The Write-Ahead Log (WAL)

The head block is in memory. If Prometheus crashes, all recent data would be lost. The WAL (Write-Ahead Log) solves this — every sample is written to a sequential log file on disk before being applied to memory.

  Write Path

  Scrape loop
       |
       v
  +----------+     +------------------+
  | Appender |---->|  WAL (on disk)   |  sequential writes
  | .Commit()|     |  segments/       |  (fast, append-only)
  +----+-----+     |    000001        |
       |           |    000002        |
       v           |    000003        |
  +----------+     +------------------+
  |   Head   |
  | (memory) |
  +----------+

The WAL is a directory of numbered segment files (default 128MB each). Each segment contains a sequence of records:

Series records: map a new series reference to its label set.
Sample records: a batch of (ref, timestamp, value) tuples.
Tombstone records: mark deleted time ranges.

On startup after a crash, Prometheus replays the WAL from the last checkpoint to reconstruct the head block.
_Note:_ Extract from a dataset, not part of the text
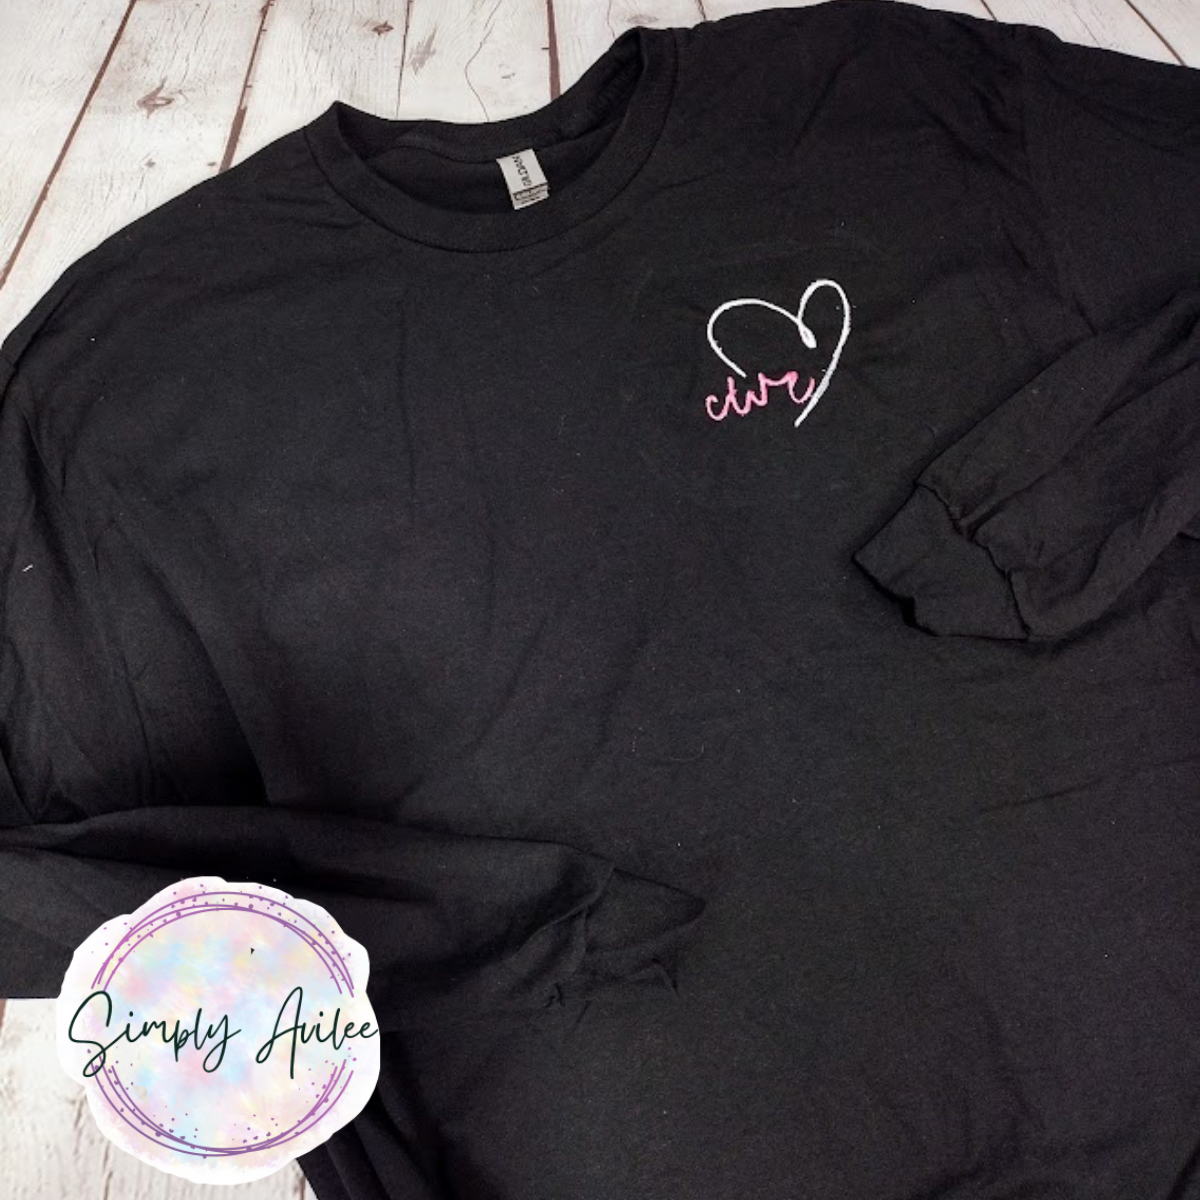 Monogrammed Tee with Hand Drawn Heart

The implementation is in tsdb/wlog/wlog.go:

func (w *WL) Log(recs ...[]byte) error {
    w.mtx.Lock()
    defer w.mtx.Unlock()

    for _, rec := range recs {
        // If current segment is full, cut a new one
        if w.curN > w.segmentSize {
            if err := w.cut(); err != nil {
                return err
            }
        }
        // Write record with length prefix and CRC
        if err := w.log(rec); err != nil {
            return err
        }
    }
    return nil
}

WAL Checkpointing

The WAL grows continuously. To prevent unbounded growth, Prometheus periodically creates checkpoints — compressed snapshots of the still-relevant series data. After a checkpoint, older WAL segments are deleted:

  Before checkpoint:
  WAL/
    000001  (contains series + samples for old data)
    000002
    000003
    000004  (most recent)

  After checkpoint at segment 2:
  WAL/
    checkpoint.00002/  (compressed snapshot of live series from 000001-000002)
    000003
    000004

  Segments 000001 and 000002 are deleted.

Persistent Blocks: On-Disk Format

When the head block is cut, its data is serialized into an immutable block on disk. Each block is a directory with this structure:

  data/
  +-- 01BKGV7JC0RY8A6MACW02A2PJD/     <-- block ULID
  |   +-- meta.json                     <-- time range, stats
  |   +-- index                         <-- label index + postings
  |   +-- chunks/
  |   |   +-- 000001                    <-- chunk data files
  |   +-- tombstones                    <-- deleted ranges
  +-- 01BKGTZQ1SYQJTR4PB43C8PD98/
  |   +-- ...
  +-- wal/
      +-- ...

The Index File

The index file is the critical piece for query performance. It maps label names/values to series, and series to their chunk locations. Its structure:

  Index File Layout
  +------------------+
  |  Symbol Table    |  all unique strings (metric names, label values)
  +------------------+
  |  Series          |  sorted list of (labels, chunk_refs[])
  +------------------+
  |  Label Indices   |  for each label name: sorted list of values
  +------------------+
  |  Postings        |  for each label pair: sorted list of series IDs
  +------------------+
  |  Postings        |
  |  Offset Table    |  lookup: label pair --> offset in postings section
  +------------------+
  |  TOC (trailer)   |  offsets to each section above
  +------------------+

Postings are the key concept. A posting list for job="api" contains the sorted IDs of every series with that label. To resolve a query like {job="api", method="GET"}, Prometheus:

Loads the posting list for job="api" → [1, 3, 5, 7, 9, ...]
Loads the posting list for method="GET" → [2, 3, 6, 7, 10, ...]
Intersects them → [3, 7, ...]
For each resulting series ID, reads the chunk references to find the actual data.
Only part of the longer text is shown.